Le point culminant – à Rs 27 000 chacun – est la “boîte de synesthésie” de Lalwani, faite sur mesure pour chaque section. Lalwani, qui crée des parfums depuis 2018 sous le label Litrahb Perfumery, a composé des notes et des marques déposées “parfums comestibles”. Ceux-ci répondent aux indices des peintures, les mélangeant et les assortissant avec d'autres notes. Le parfum comestible de la section Rose, par exemple, traduit un été chaud et moite en Inde en utilisant une pâte à tartiner au chocolat noir créée avec du vétiver, des arachides et du jaggery.

Flacons dessinés par Lalwani pour les attars de chaque section dans le cadre de l'exposition

Tout comme l'histoire de l'art sud-asiatique, où certaines des plus belles œuvres ont été passées en contrebande ou pillées hors de leurs terres d'origine, la parfumerie a également une histoire problématique. Lalwani explique comment les matières premières utilisées en parfumerie sont souvent de nature exploitante, comme le musc naturel de civette, qui est extrait après une grande douleur à l'animal. De plus, les parfumeurs ont souvent jeté un œil orientaliste vers l'Asie du Sud et les jardins moghols pour chercher l'inspiration pour leurs produits. Prenez le Shalimar de Guerlain, créé en 1925, inspiré de l'histoire d'amour de Shah Jahan et Mumtaz Mahal. Leur publicité d'il y a quelques années présente un mannequin russe qui attend son amant, et le Taj Mahal jaillissant d'un lac du Rajasthan. Si le commerce du parfum et des peintures est gênant, Lalwani espère que « 'Bagh-e-Hind', en revanche, offre beaucoup de beauté et beaucoup de calme ».

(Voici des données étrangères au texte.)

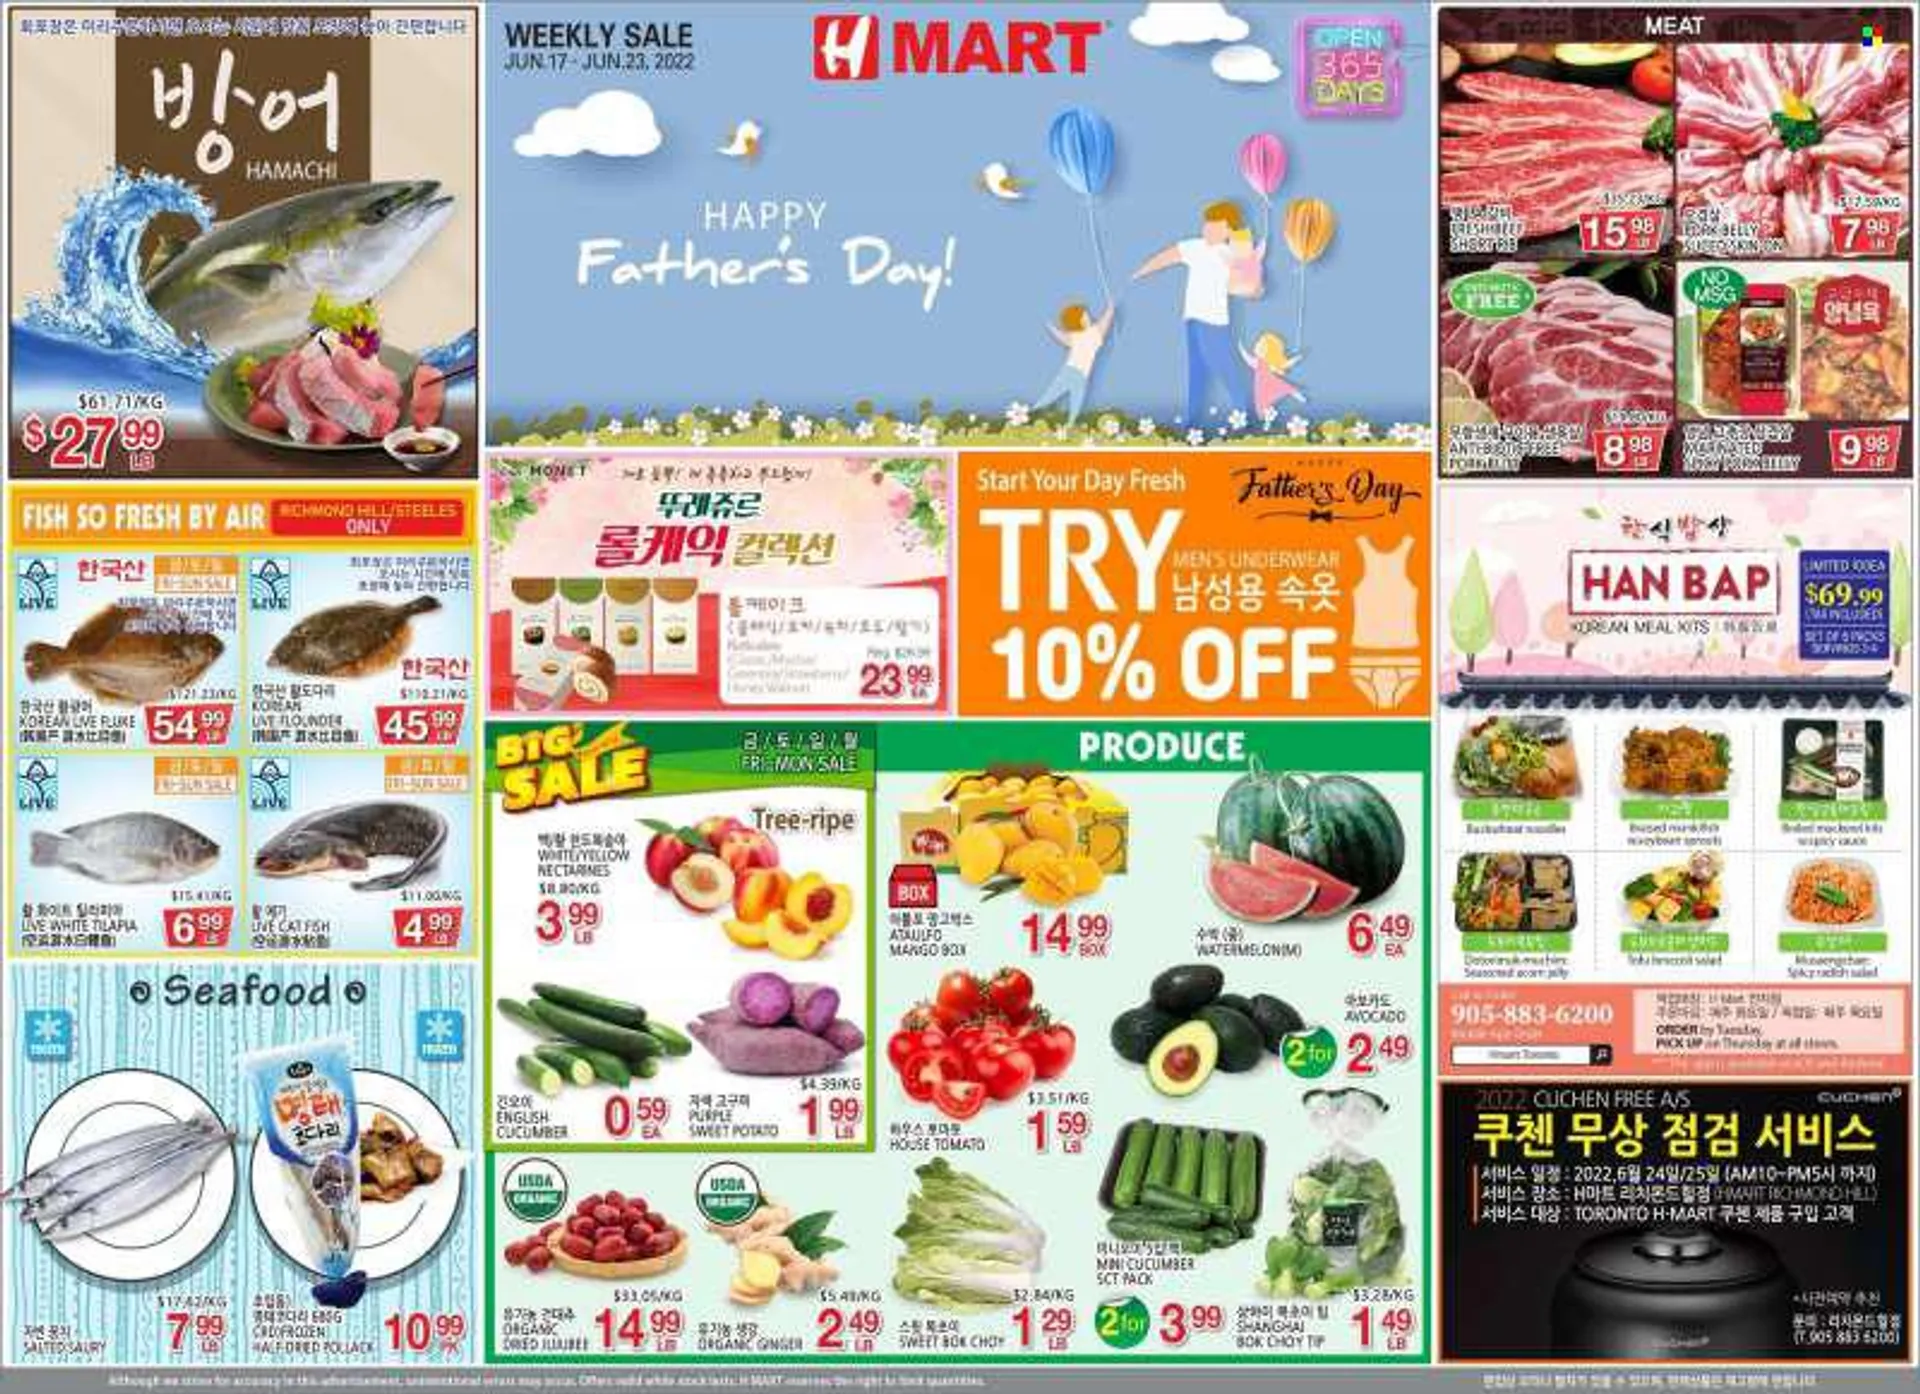 H Mart Flyer - June 17, 2022 - June 23, 2022 - Sales products - cake, bok choy, broccoli, ginger, radishes, sweet potato, salad, avocado, nectarines, watermelon, flounder, mackerel, tilapia, pollock, seafood, fish, sauce, noodles, tofu, jelly, buckwheat,

Bharti Lalwani et Nicolas Roth, conservateurs de Bagh-e-Hind

L'exposition présuppose une familiarité du public avec les senteurs. Donc, si nous n'avons jamais vu ou inhalé un narcisse, beaucoup est laissé à l'imagination. Et, il est également possible que notre familiarité avec certains parfums signifie que les peintures évoquent des associations très éloignées de leur intention initiale. Kewra, par exemple, est utilisé aujourd'hui comme arôme biryani bon marché, contrairement à son utilisation historique, comme l'a découvert Roth, lorsqu'il était un ingrédient de parfum convoité. Ainsi, alors que le kewra enivre une Radha avec le désir de son rendez-vous manquant, il est parfaitement acceptable que le public se souvienne du meilleur, ou du pire, biryani ou korma qu'il ait jamais eu.